3.6. LC Cohorts and Homelessness
There were 403,010 LC patients and among them, there were 1345 patients who reported homelessness. The mean age of the homeless LC patients was nine years younger than the non-homeless lung cancer patients (60.4 vs. 69.1). Females with LC reported less homelessness compared to males. The LC homeless patients represented a higher proportion among the age groups of 45–54 and 55–64, and this was lower among the >65 age group. (Table 6) Similarly to the PC and the BC homeless patients, homelessness was higher among Black individuals, and the primary payer for the homeless group was mostly Medicare and Medicaid. We noted that LC homeless patients reported having higher opioid abuse. LC homeless patients were associated with higher combined anxiety and depression (unadjusted (coefficient: 1.4; 95% CI: 1.08–1.83), adjusted (1.37, 95% CI: 1.02–1.85)) and higher LOS (unadjusted (2.08; 95% CI: 1.6–2.71), adjusted analysis (1.84; 95% CI: 1.4–2.42)) (Table 7).
3.7. LC Cohorts and PrbLA
Among 403,010 LC patients, there were 820 patients who reported PrbLA. The mean age of the PrbLA LC patients was three years older than the non-PrbLA LC patients (69.1 vs. 72.2). As compared to males, females were reported with more PrbLA. LC PrbLA patients represented a higher proportion among the >65 age group (Table 6). The primary payer for the PrbLA group was mostly Medicare and private insurance (78% and 12%). LC PrbLA patients were not associated with anxiety and depression, nor LOS. However, when stratified to females only, LC PrbLA patients had a longer LOS in the unadjusted (1.30; 95% CI: 1.04–1.64) and in the adjusted analysis (1.29; 95% CI: 1.02–1.63) (Supplementary Table S3).
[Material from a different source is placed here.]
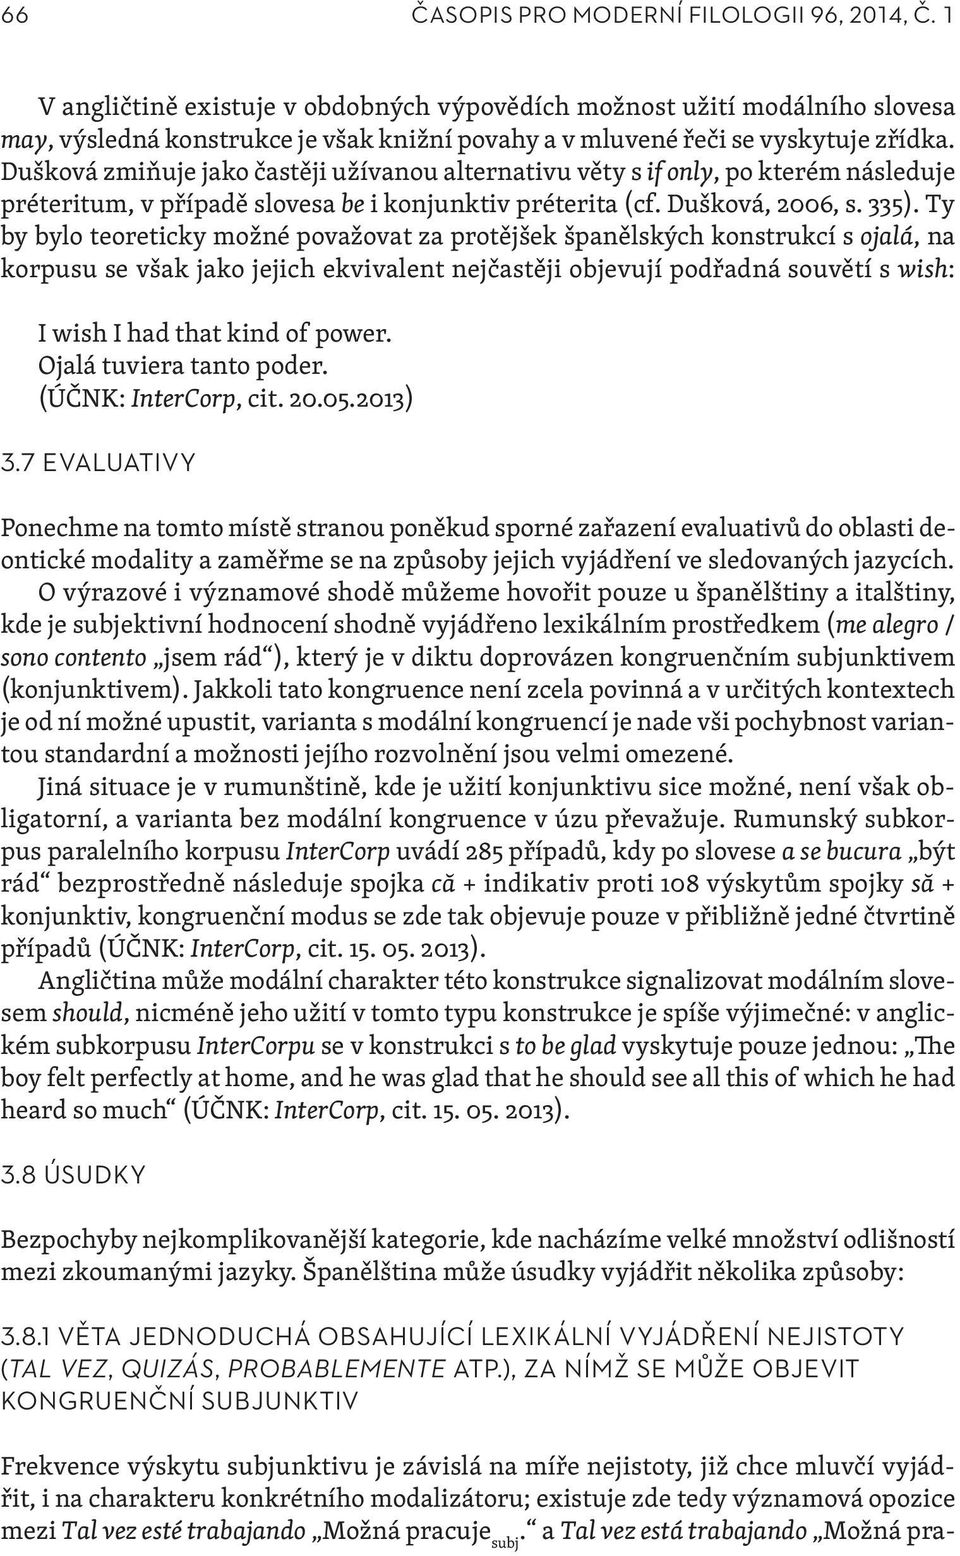 Dušková zmiňuje jako častěji užívanou alternativu věty s if only, po kterém následuje préteritum, v případě slovesa be i konjunktiv préterita (cf. Dušková, 2006, s. 335).

3.8. CLOP Cohorts and Homelessness
There were 53,890 CLOP patients and among them, there were 375 patients who reported homelessness. The mean age of the homeless CLOP patients with homelessness was 10 years younger than the non-homeless lung cancer patients (64.06 vs. 54.85). Females with CLOP reported less homelessness compared to males. The CLOP homeless patients represented a higher proportion among the 45–54 and 55–64 age groups, and this was lower among the >65 age group (Table 8). Similarly to the PC, LC, and BC homeless patients, homelessness was higher among Black individuals, and the primary payer for the homeless group was mostly Medicare and Medicaid. We noted that CLOP homeless patients reported having higher emergency admissions. CLOP homeless patients were associated with higher combined anxiety and depression (unadjusted (coefficient—2.42; 95% CI: 1.52–3.85), adjusted, 2.80 (95% CI: 1.68–4.69)) and a higher LOS (unadjusted (coeff: 3.19; 95% CI: 2.8–4.45), adjusted analysis (coeff: 1.96; 95% CI:1.03–3.74)) (Supplementary Table S4). Moreover, the CLOP lacked critical PrbLA data for the association investigation.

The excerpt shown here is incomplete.